Wednesday, August 22, 2018

Trying to Remember

I've started to wear a Cross Necklace.

Wearing this Cross Necklace seems to help remind me and think about what it means to be an actual Christian. (My brain is so full of the leftovers from Mormonism that I have to wonder how accurate my theology is sometimes)

Something interesting I noticed:::

My cross gives a quote from the Bible that says "I can do all things" (through Jesus, or somesuch like that) -----

So, I figured, "I guess that means I can finally fully stop masturbating now".

SO: what's important about that?

Last night as I was going to bed, I felt some level of the pangs of temptation again ----- I knew what I was feeling was supposedly trying to get me to commit sin -------- but, basically, I guess the magic of the cross helped me feel "separate" from that temptation, insomuch that I was able to go to bed that night without doing anything "naughty".


But here's the thing about the temptation I experienced, and this also is similar to past times when I stopped the sin but felt temptation then also:


You know how I believe my masturbation was originally caused by a ghost right? And you know about my belief in telepathy and empathy right?


Well, on this occasion, which is similar to a past occasion when I had stopped, I actually felt that the temptation was just me feeling someone else committing sexual acts.

It doesn't make sense maybe, it seems totally mind-bending ----- but basically I when I feel the temptation to masturbate, especially when I've stopped masturbating and am actively staying separate from that behavior ----- the temptation simply feels like A DIFFERENT PERSON who I might be somehow spiritually connected to, it feels like someone else is committing the act, and I just get to feel it to, and be tempted by it.


Yes, it's totally mind-bending, and I understand if you don't understand.



To me, it just feels like someone else is doing it, and I'm somehow telepathically connected to the experience, and though I'm doing dick squat I feel the same or close to similar feelings of a person actually engaged in the act, even though I'm not doing it myself.
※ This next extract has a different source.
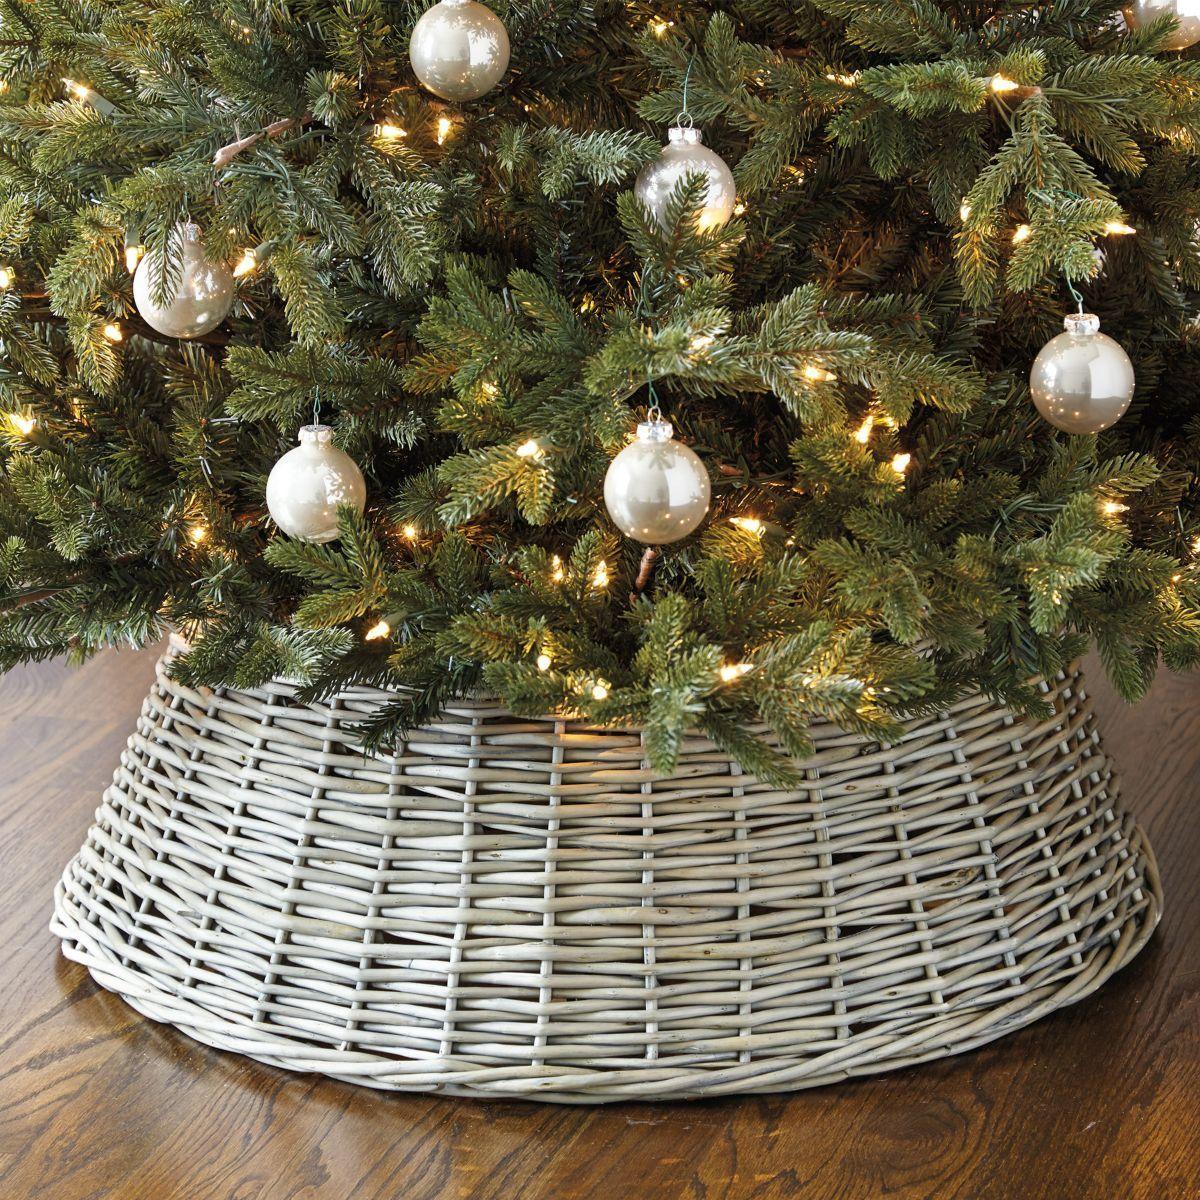 Willow Christmas Tree Basket Christmas tree in basket
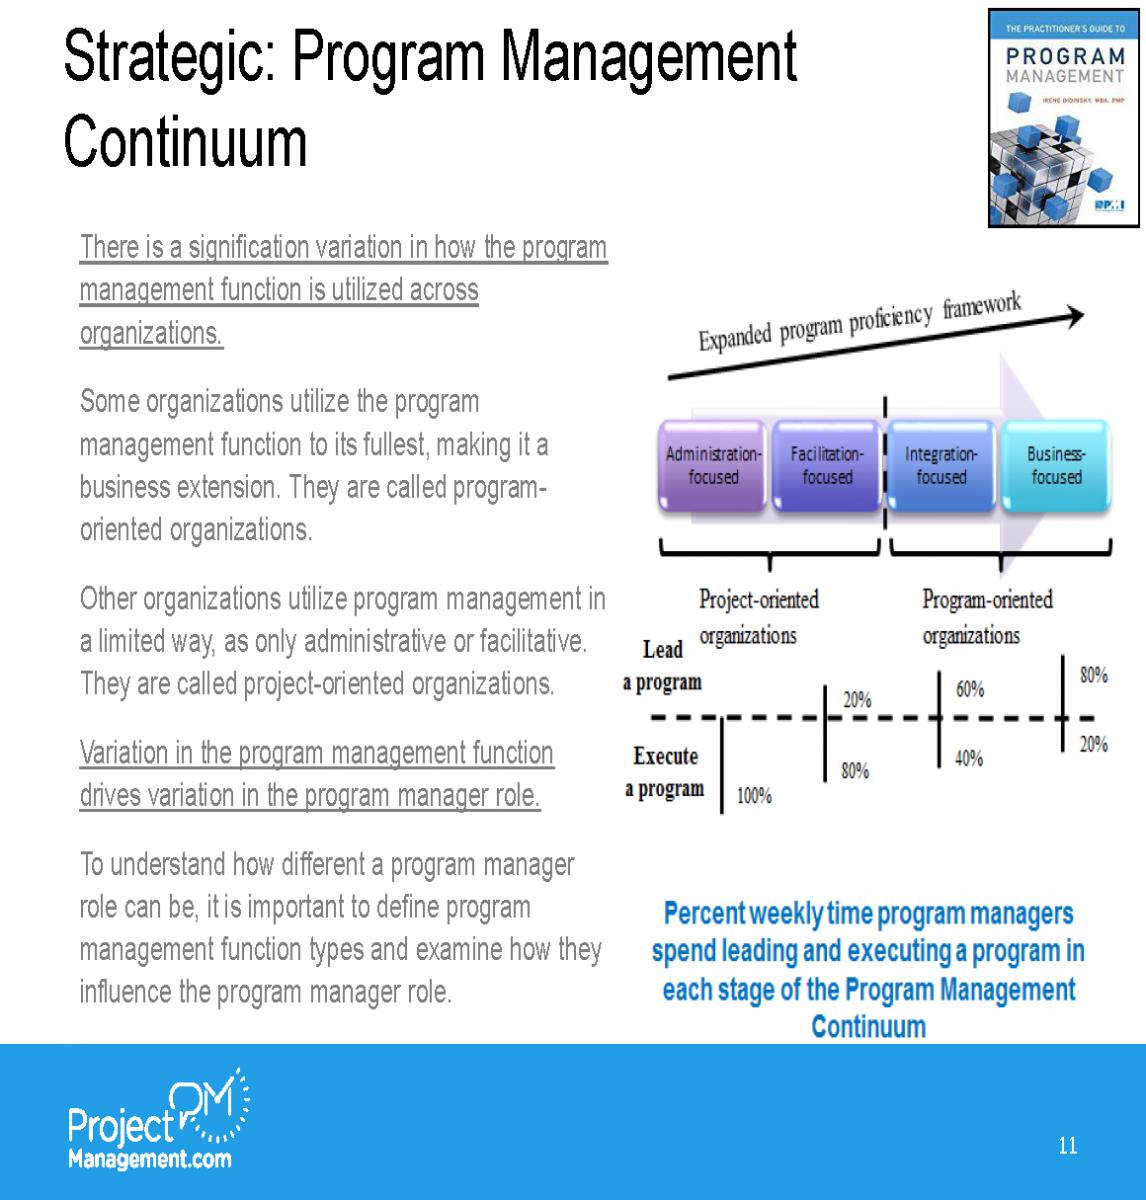 ProjectManagementcom webinar_Irene Didinsky_05112018_FinalFinal_Page_15

The simple of it::: It's very hard to avoid the temptation and even harder to resist the temptation::: but In my mind I gave my new cross the magical ability to help me resist temptation ----- at which point I was able to resist, but the temptation started to feel like someone else telepathically connected to me was committing the act and I was feeling someone else doing it even though I myself was just trying to go to sleep.


There.


I know, that probably doesn't make sense, but that's what it feels like.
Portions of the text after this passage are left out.